Babol University of Technology

Department of Mechanical Engineering

P.O. Box 484, Babol, Iran

**Tel:**+98 111 32 34 501ddg_davood@yahoo.com

E-mail:

**Received date:** August 28, 2016; **Accepted date:** September 23, 2016; **Published date:** September 27, 2016

**Citation: **Gholinia M, Ganji DD, Poorfallah M, Gholinia S (2016) Analytical and
Numerical Method in the Free Convection Flow of Pure Water Non-Newtonian
Nano fluid between Two Parallel Perpendicular Flat Plates. Innov Ener Res 5:142.

**Copyright:** © 2016 Gholinia M, et al.

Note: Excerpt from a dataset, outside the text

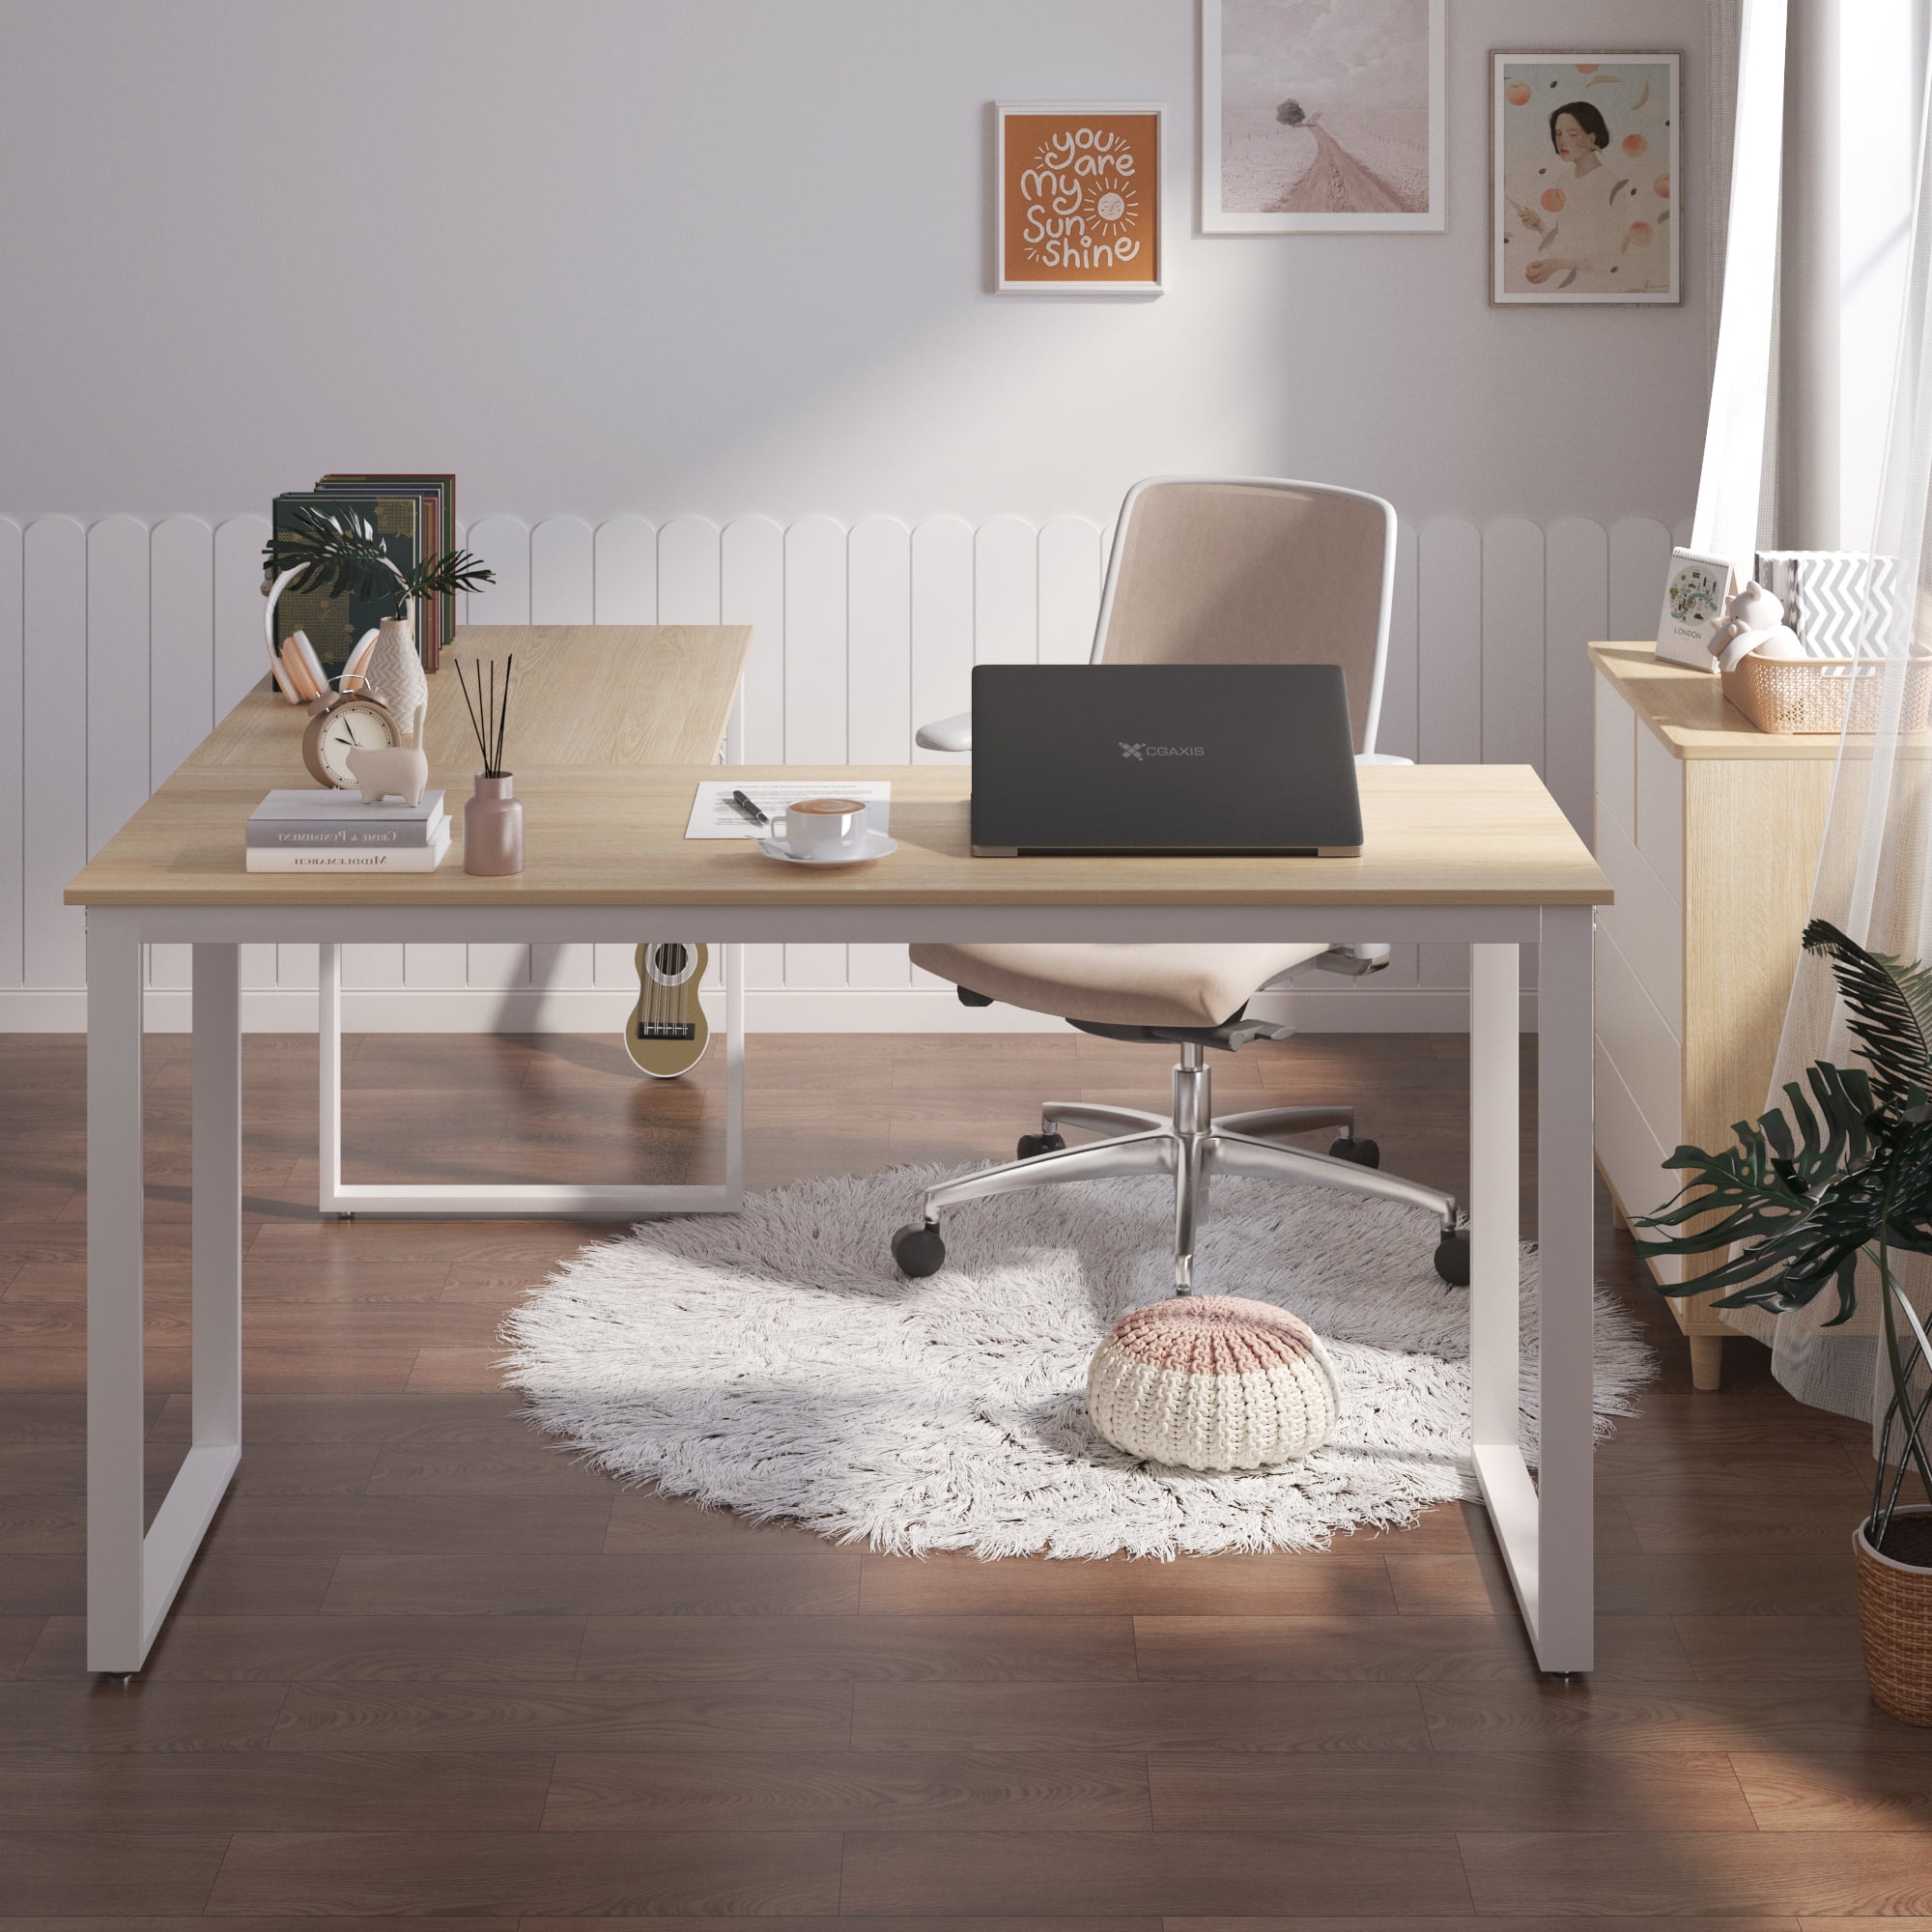 Corner desk 4 shelves white furniture bedroom desk modern furniture gaming  table with shelf study table

This is an open-access article distributed
under the terms of the Creative Commons Attribution License, which permits
unrestricted use, distribution, and reproduction in any medium, provided the
original author and source are credited.

**Visit for more related articles at** Innovative Energy & Research

In this research, free convection of a non-Newtonian silver-water nanofluid between two infinite parallel perpendicular flat plates is investigated. The Maxwell Garnetts (MG) nanofluid model is used in this work. The basic partial differential equations are reduced to the ordinary differential equations which are solved analytically using Homotopy Perturbation Method (HPM). The impact of various physical parameters such as nanoparticle volume fraction (φ ), dimensionless non-Newtonian viscosity ( ) and Eckert number (Ec) on the velocity and dimensionless temperature profiles is studied. The comparison of the results of HPM, Akbari-Ganji’s Method (AGM), Collocation Method (CM), the fourth-order Runge-Kutta numerical Method (NUM) and FlexPDE software results shows excellent complying in solving this problem. Also, this research shows that AGM and HPM are powerful methods to solve non-linear differential equations, such as the problem raised in this research.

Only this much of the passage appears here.